Lindsay Michelle Zullo (born 3 May 1991) is an American-born Haitian footballer who plays as a forward. She has been a member of the Haiti women's national team.

Early years
Zullo a native of Hudson, Florida, played varsity during her junior and senior years at Hudson High School leading her team to a pair of district championships. Named captain as a senior, she participated in the Senior All-Star Game. She became an honorable mention All-State selection, named Pasco County Player of the Year and earned first-team All-Conference honors.

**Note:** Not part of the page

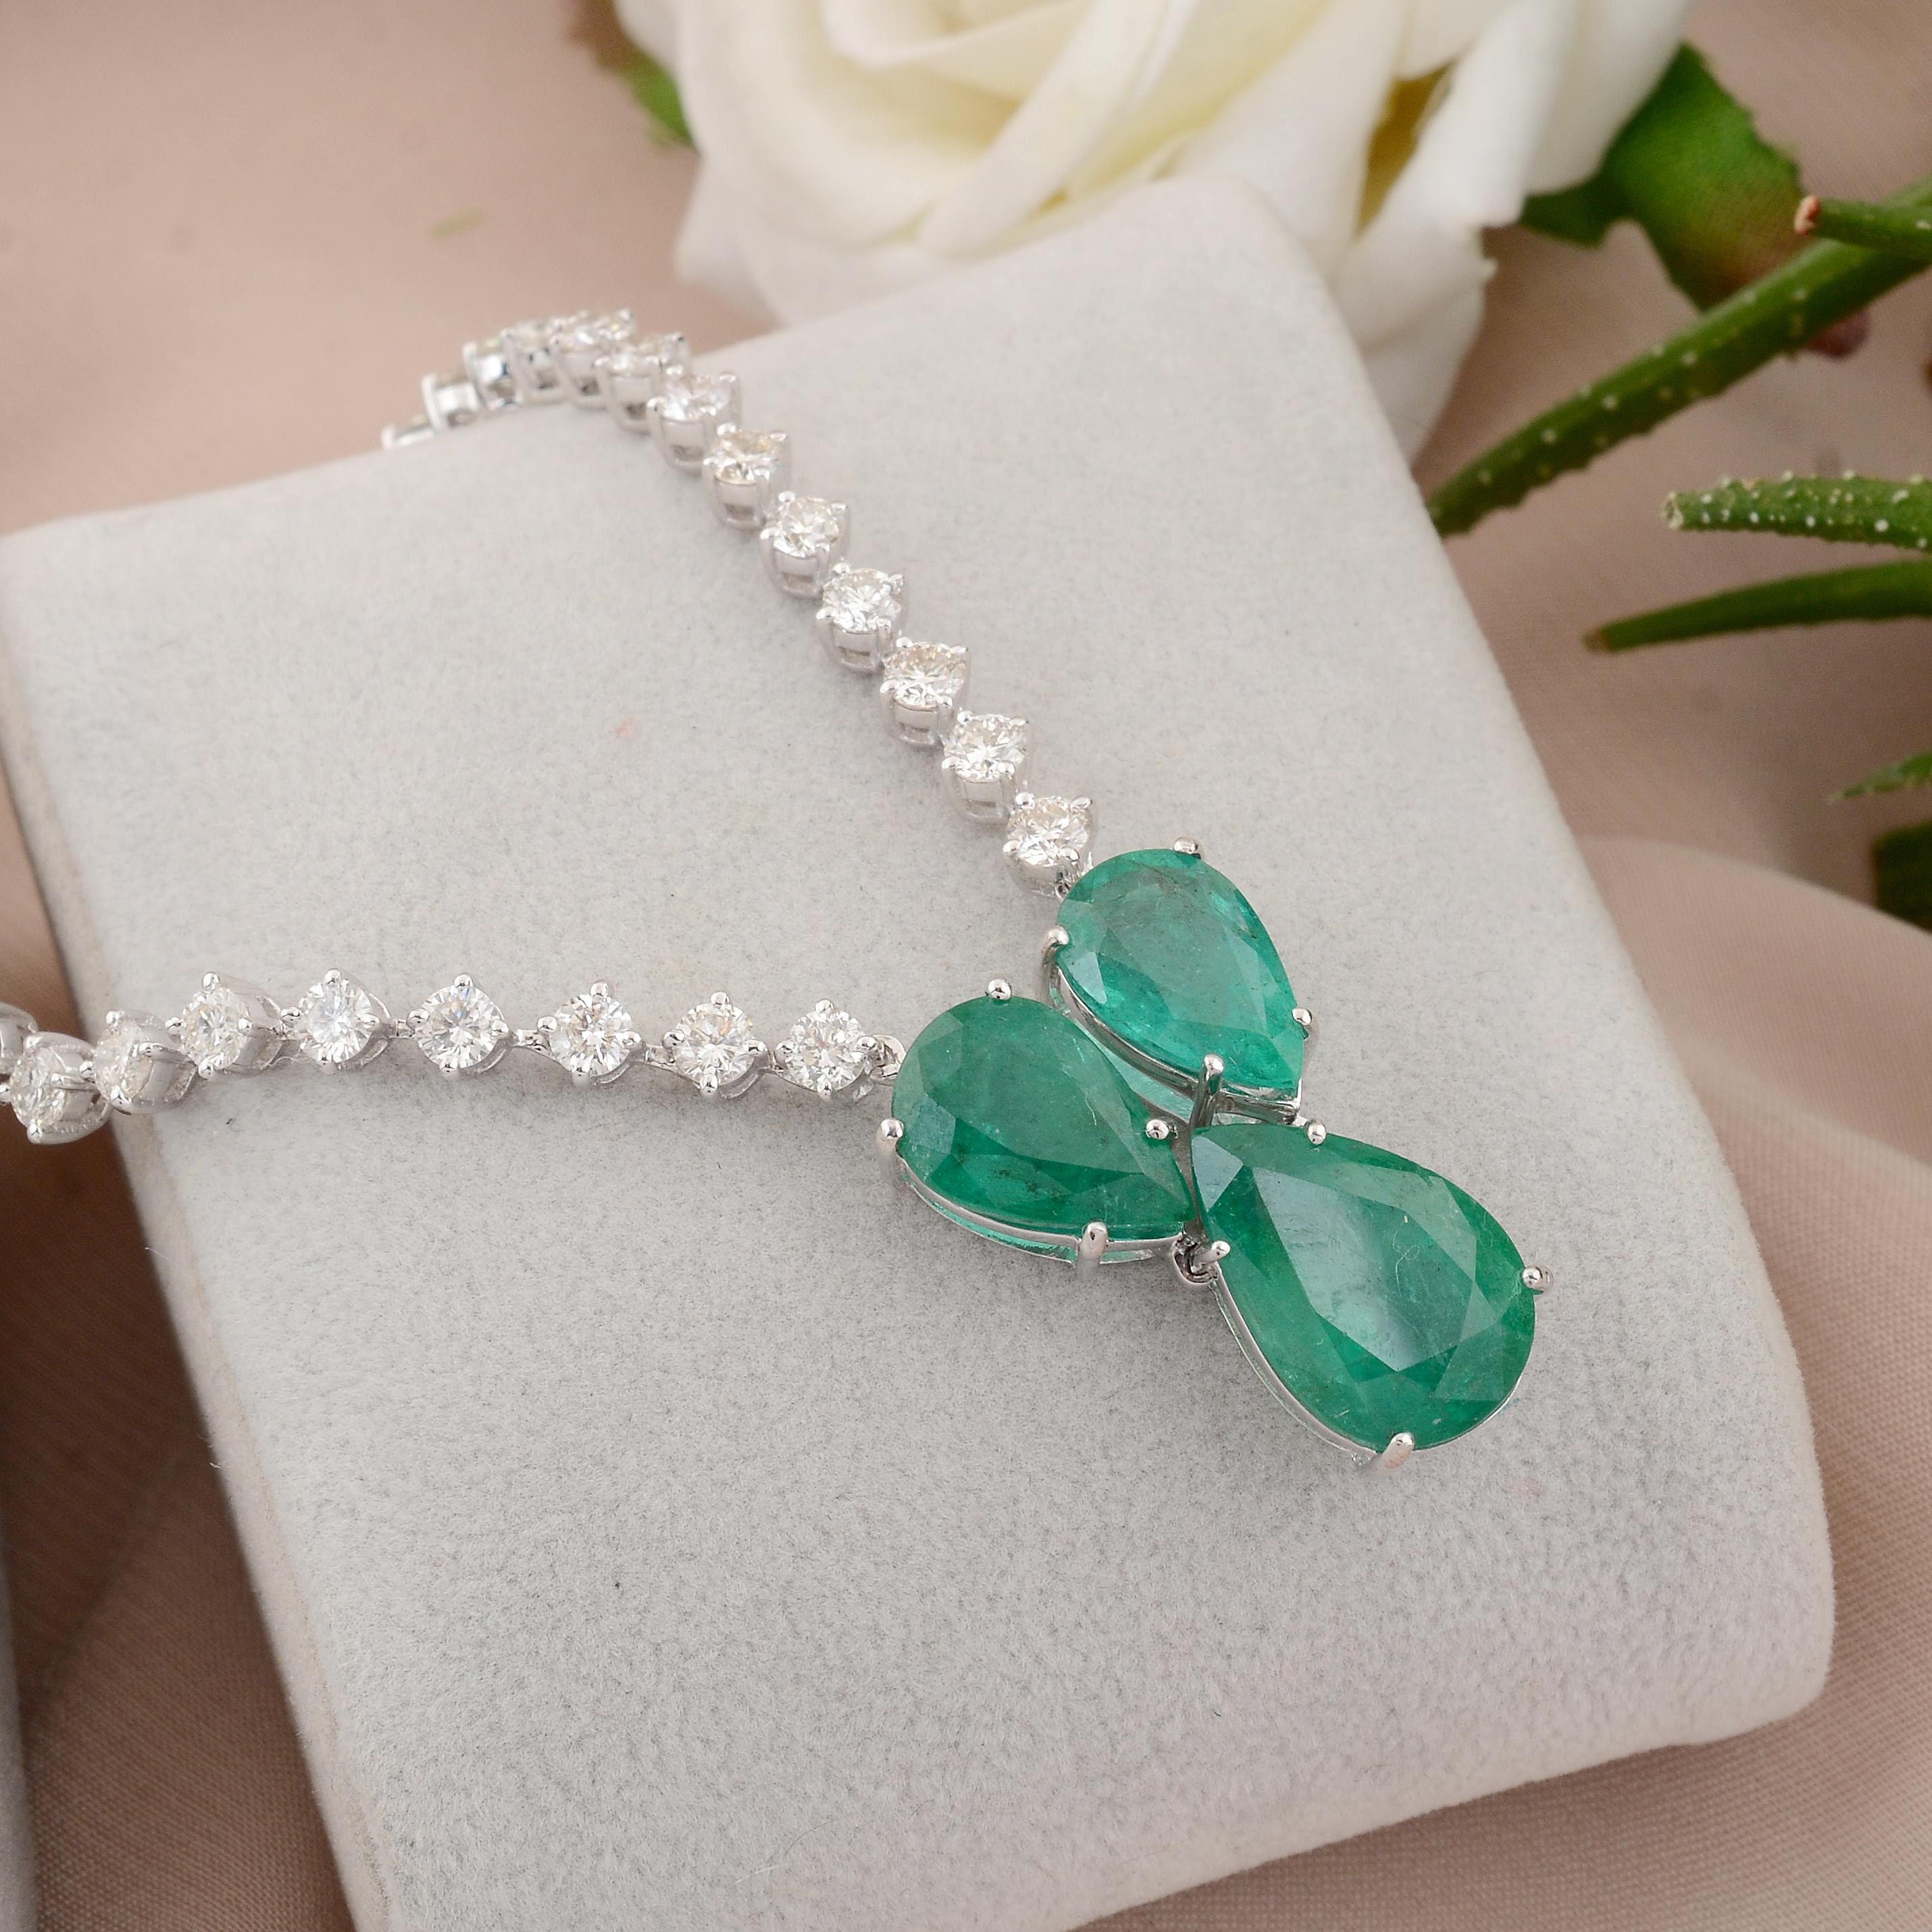 A charm necklace featuring a Zambian emerald gemstone and diamonds in 18 karat white gold is a stunning and elegant piece of fine jewelry. The necklace typically showcases a Zambian emerald as the central charm or pendant element, complemented by
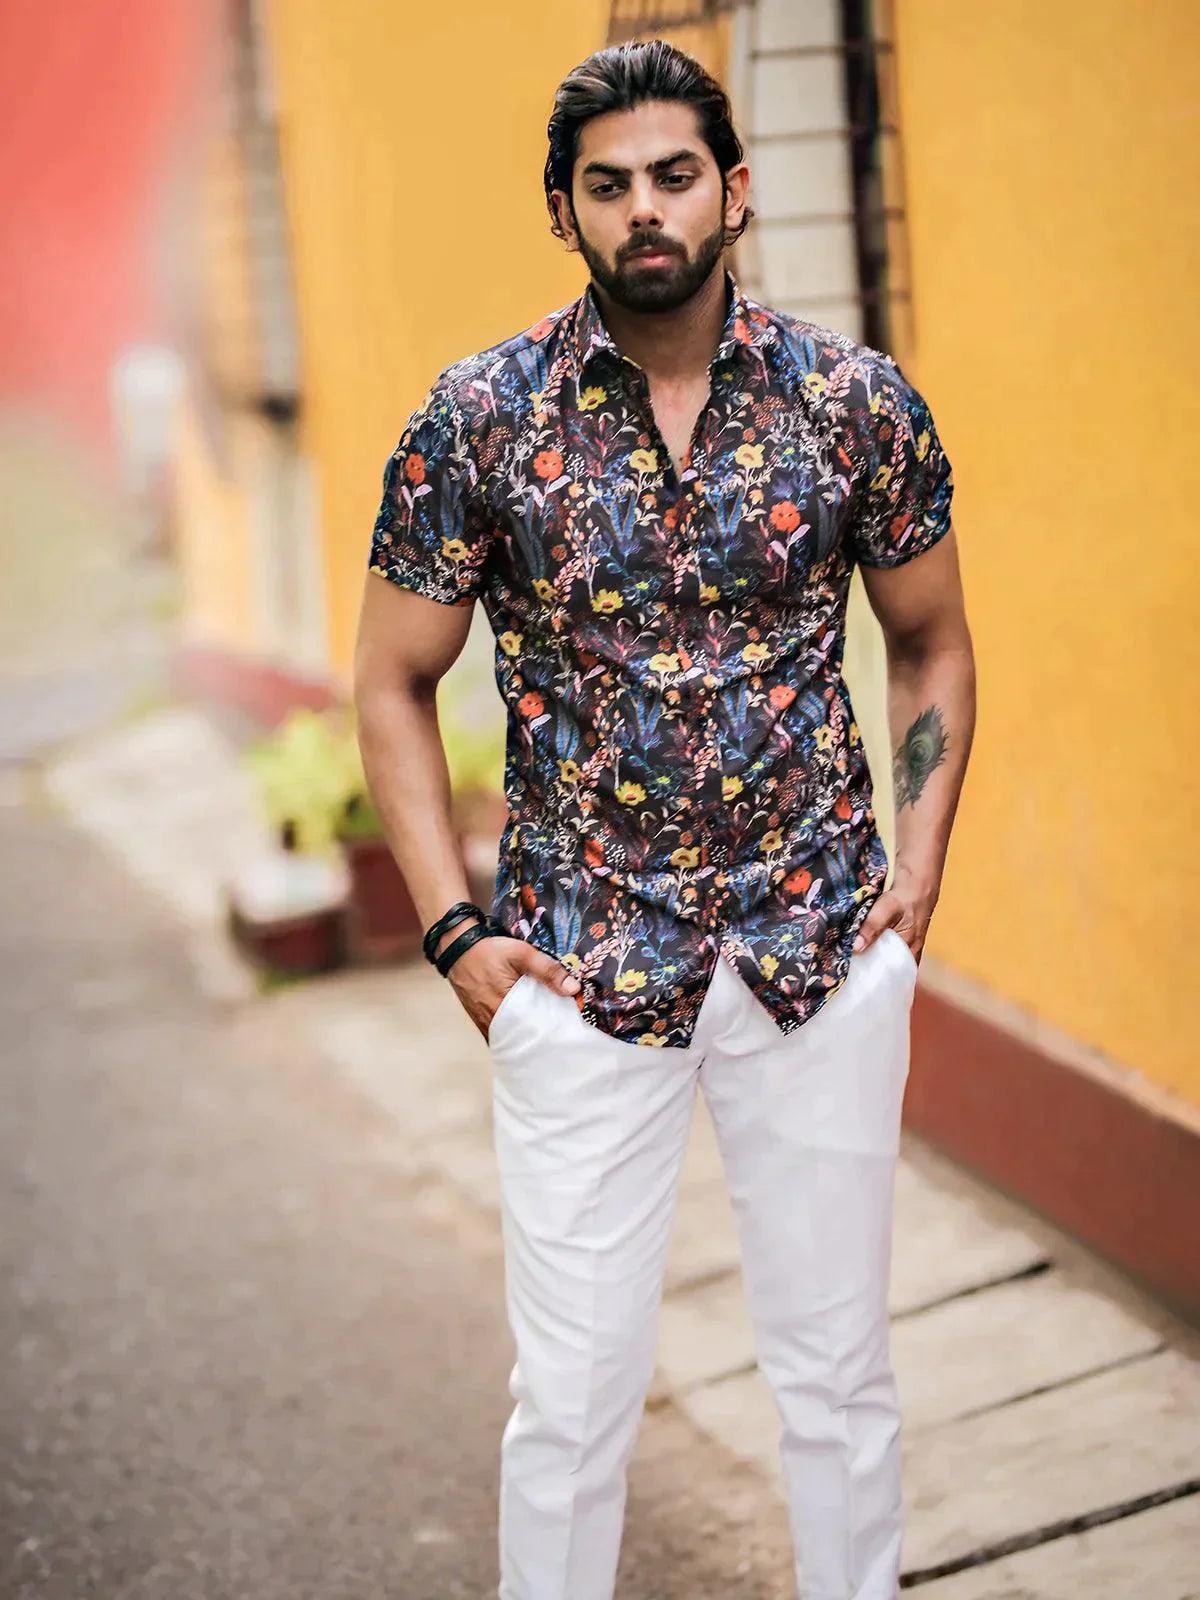 10 Floral Shirts To Up Your Next Summer Style Look | Floral shirt outfit,  Mens casual outfits summer, Men fashion casual shirts

Zullo played 47 games, totaling 54 goals (1.1 gpg) and 21 assists; all far above national averages.

Club career
Zullo plays for F.C. Indiana, based out of New Paris, Indiana, of the Women’s Professional Soccer League (WPSL) and was selected as a WPSL All-Star for the region in 2014.

International career
In 2014, Zullo debuted for the Haiti women's national football team, leading the selection to a third-place finish in the Caribbean Cup scoring a goal against Trinidad and Tobago.

At the opening of the 2014 CONCACAF Women's Championship, Zullo scored a goal against Guatemala  that won the game 1-0.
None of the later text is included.